States moving fast on economic nexus standards
The 19th annual Bloomberg Tax Survey of State Tax Departments found that states with an economic nexus standard for sales tax more than doubled over the last year in the wake of the Supreme Court’s Wayfair ruling. Thirty-three states responded that they now have an economic standard in place for sales tax nexus. Six states said they have an economic nexus standard that is not currently being enforced due to the legislation’s effective date or pending litigation.
Nexus is the minimum amount of contact between a taxpayer and a state allowing the state to tax a business on its activities or require it to collect and remit sales tax.
Every year, senior tax officials are asked to clarify their states’ position on a number of areas. This year, all 50 states, Washington D.C. and New York City responded to the survey. In addition to questions on sales tax nexus, Bloomberg Tax asked questions on corporate income tax nexus, conformity to federal tax reform, state sourcing provisions, and state policy for marketplace facilitators.
Fourteen states said that their corporate nexus standard is based on factor presence, according to Christine Boeckel, deputy editorial director at Bloomberg Tax. “This matches the amount from 2018 responses. Also matching the 2018 results of these states, five said that they conform in whole or in part to the Multistate Tax Compact’s model statute, ‘Factor Presence Nexus Standard for Business Activity.’ Alabama and Tennessee reported that they generally conform to the model statute, while California, Colorado and Connecticut stated that they only partially conform to the model statute.”
For the first time, the survey asked whether an employee flying into the state on a company airplane for business purposes would create nexus. “Twenty-five states said that this activity creates nexus for the corporation,” said Boeckel. “The answers were the same regardless of the number of flights — one to four versus five or more — into the state.”
This year the survey asked whether states conform to a variety of code sections impacted by the Tax Cuts and Jobs Act. “Of the code sections addressed, states most often said that they conform to the changes made to Code Section 163(j), which limits the business interest expense deduction,” said Boeckel. “States are least likely to conform to the new Section 199A, which allows a deduction for qualified business income, with only 11 states responding ‘Yes.’”
States were also asked to identify their general sourcing method for sourcing receipts from sales other than sales of tangible personal property.

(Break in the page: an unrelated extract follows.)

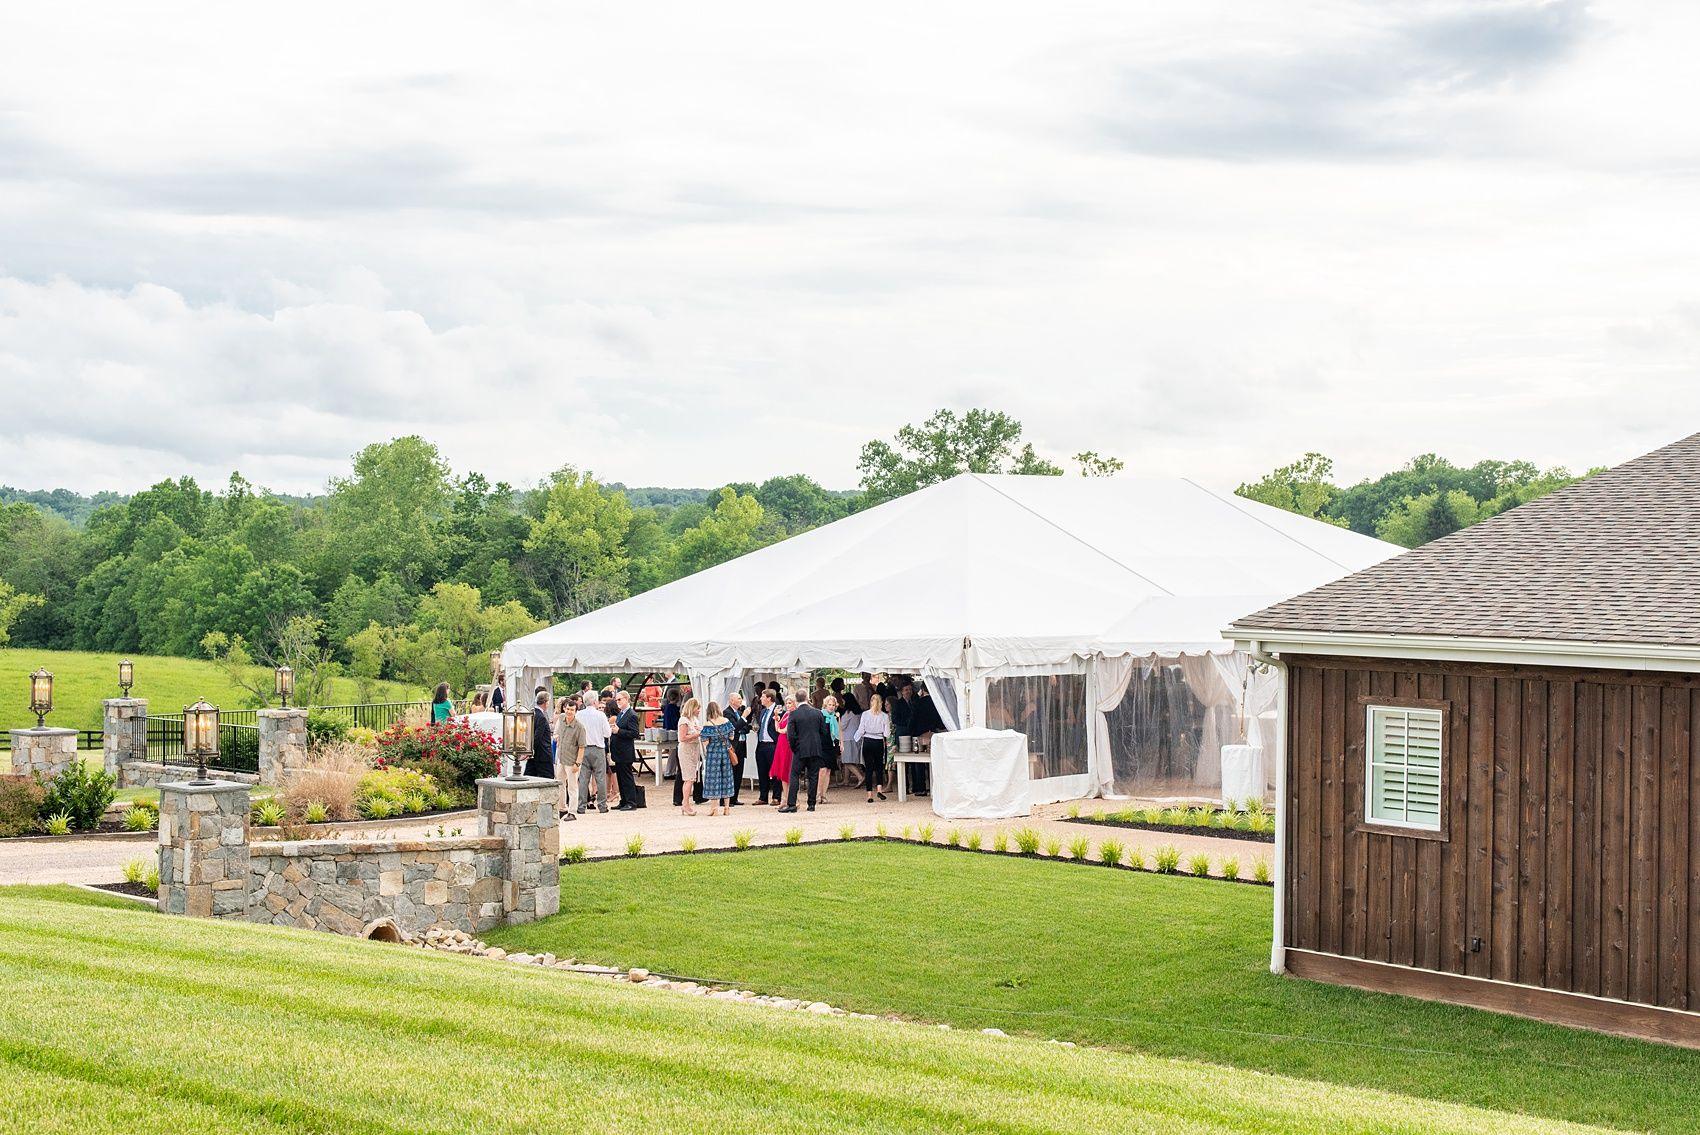 Wedding Photos At The Lodge At Mount Ida Farm Virginia Farm Wedding Photos Barn Wedding Decorations Wedding Photos

Twenty-eight states, a significant increase over 2018, said that they use a market-based sourcing approach, while 11 states, one less than last year, stated that they use a cost-of-performance approach.
“Seventeen states responded that they apply different sourcing methods to different sourcing methods to different categories of receipts,” Boeckel said.
According to the survey, 18 states classify guaranteed payments for services, other than personal or professional services, as business income. “Only one state, Mississippi, stated that it classifies these payments as non-business income,” said Boeckel.
“New for 2019, we asked the states to identify the extent to which they comply with the federal partnership audit rules. Among these questions, we asked states whether they make adjustments, determine imputed tax, and assess and collect tax at the partner level or at the entity level. Fourteen states responded that they conduct these activities at the entity level, while nearly double the number of states — 27 — said they do so at the individual partner level. Ten states, including Illinois and Pennsylvania, responded ‘Yes’ to both questions.’”
For the first time, the survey asked states to identify the timeframe used and the type of transactions counted when determining whether their economic sales tax nexus has been met. “The responses also showed that sales for resale, tax-exempt sales of tangible personal property, sales of services and sales of electronically delivered items are almost always counted, but sales of intangibles are counted less frequently,” Boeckel said.
“This year, we added questions addressing sales made on marketplace platforms,” she said. “Thirteen states said they require third-party marketplace facilitators to collect and remit sales tax on sales made by out-of-state corporations using their platforms. Of these 13 states, only nine said that the marketplace seller is relieved of the liability for the tax if the third-party marketplace facilitator is required to collect and remit the tax on their behalf.”
“We also asked whether nexus is created when an out-of-state corporation makes sales into the state through a third-party facilitator,” Boeckel said. “In the majority of states, using a third-party facilitator creates nexus when the facilitator stores inventory in the state. However, in most states the out-of-state corporation will not have nexus just because the third-party facilitator does.”